Experience

Engineering Development Group Intern | MathWorks

June 2022 - August 2022
Manager : Dr. Keith Martin

  • Worked on creating and refactoring tests for the PID simulink block.
  • Achieved a significant reduction in overall testing time and number of libraries used while maintaining a code coverage of 91.5%
  • Tested the control systems tuner app and fixed bugs
  • Integrated several MATLAB control systems tools within the Robot Operating System (ROS) framework for a UAV

Research Assistant | University of Michigan

September 2021 - Present
Research Supervisor : Dr. Vasileios Tzoumas

  • Research Intern at the Intelligent Robotics and Autonomy Lab
  • Researched on the applications of koopman operator to speed up learning and combinatorial optimization algorithms.
  • Working on the design of a safe active learning controller based on Koopman theory

Robotics Intern | ARTPARK

June 2021 - July 2021
Research Supervisor : Dr. Mukunda Bharatheesha

  • Worked on Coverage Path Planning for a robot performing janitorial tasks in a confined area
  • Worked on ROS Service creation for the Coverage Path Planning module
  • Worked with the MoveIt! package for cartesian planning and manipulation tasks such as pick-and-place

Research Intern | Indian Institute of Science

Jan 2021 - May 2021
Research Supervisor : Dr. Radhakant Padhi

  • Research Intern at the Integrated Control Guidance & Estimation Lab
  • Designed an optimal controller for effective radiotherapy using Model Predictive Static Programming (MPSP) for impulsive systems.
  • Designed a new unscented optimal control technique to deal with uncertainty in system parameters.
  • Applied the new technique on the Lotka-Volterra model.
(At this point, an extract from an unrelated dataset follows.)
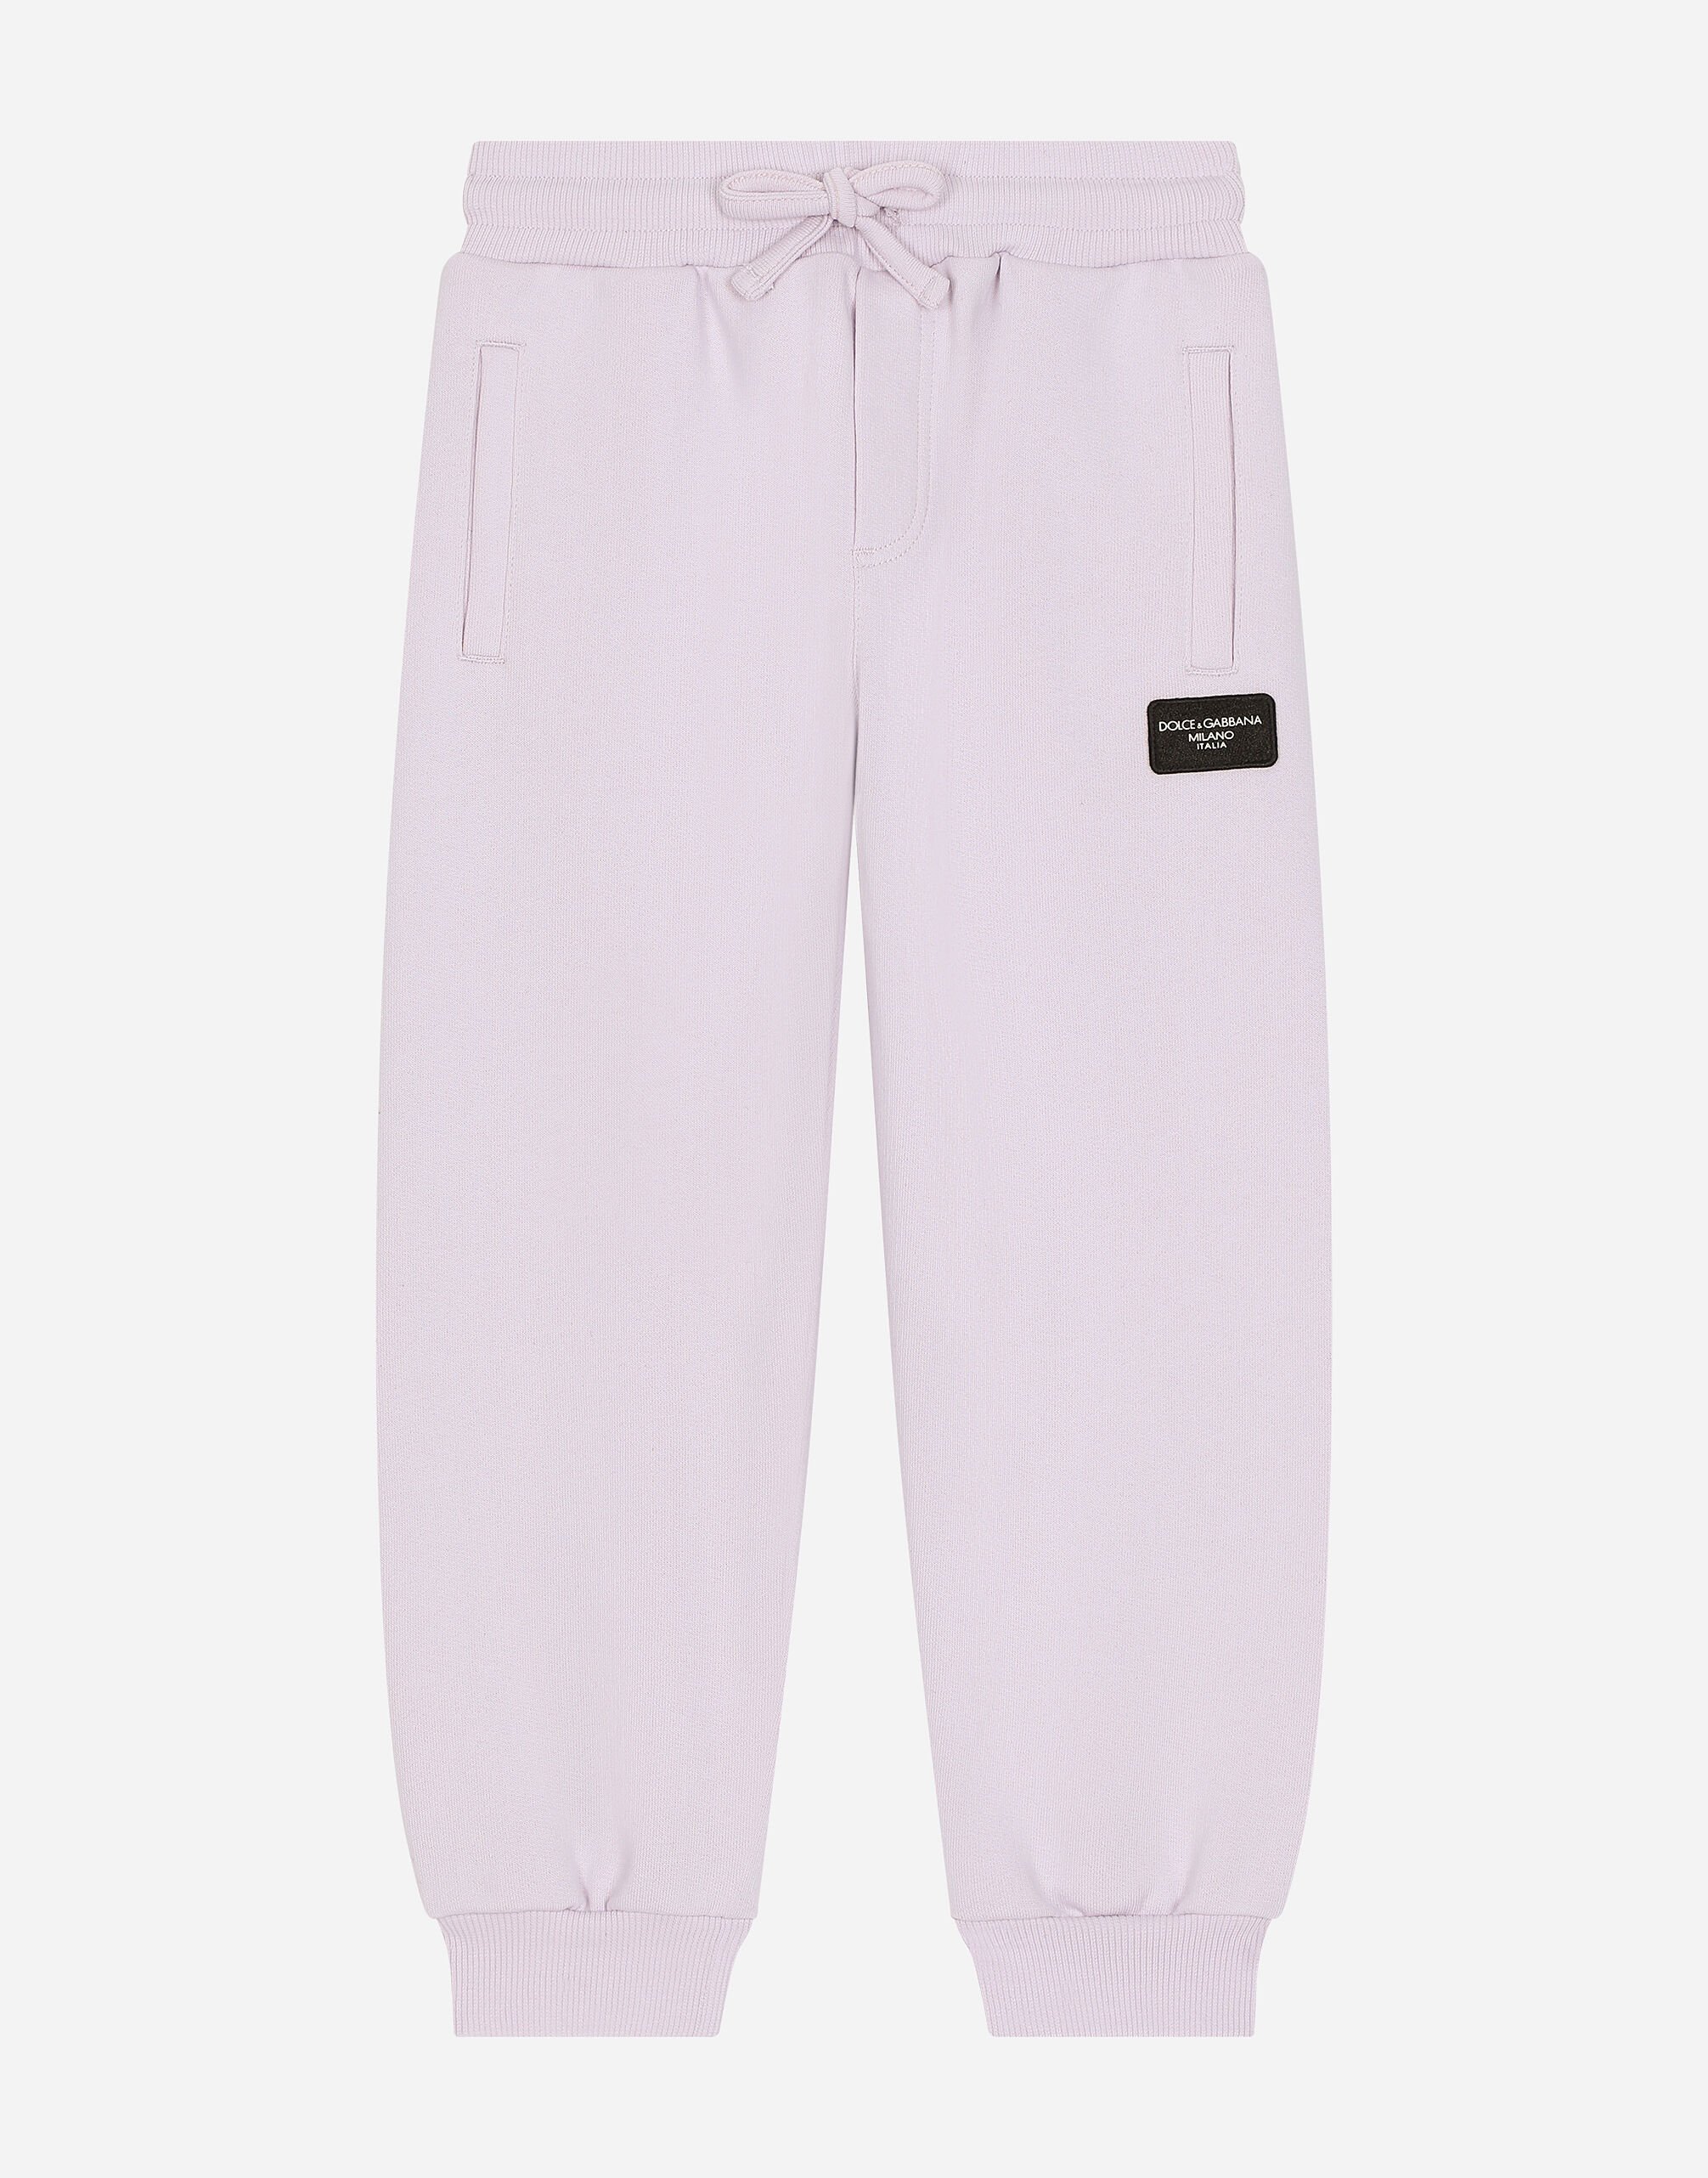 Dolce & Gabbana Jersey jogging pants with logo tag Print L55I27FI5JU

Research Intern | PES University

June 2019 - July 2020
Research Supervisor : Dr. Koshy George

  • Research Intern at the Centre for Intelligent Systems.
  • Designed neural network controllers for the identification and control of multiple nonlinear dynamical systems using BPA and OSLA algorithms on MATLAB.
  • Applied various Reinforcement Learning algorithms to control an Inverted Pendulum and compared their relative performances.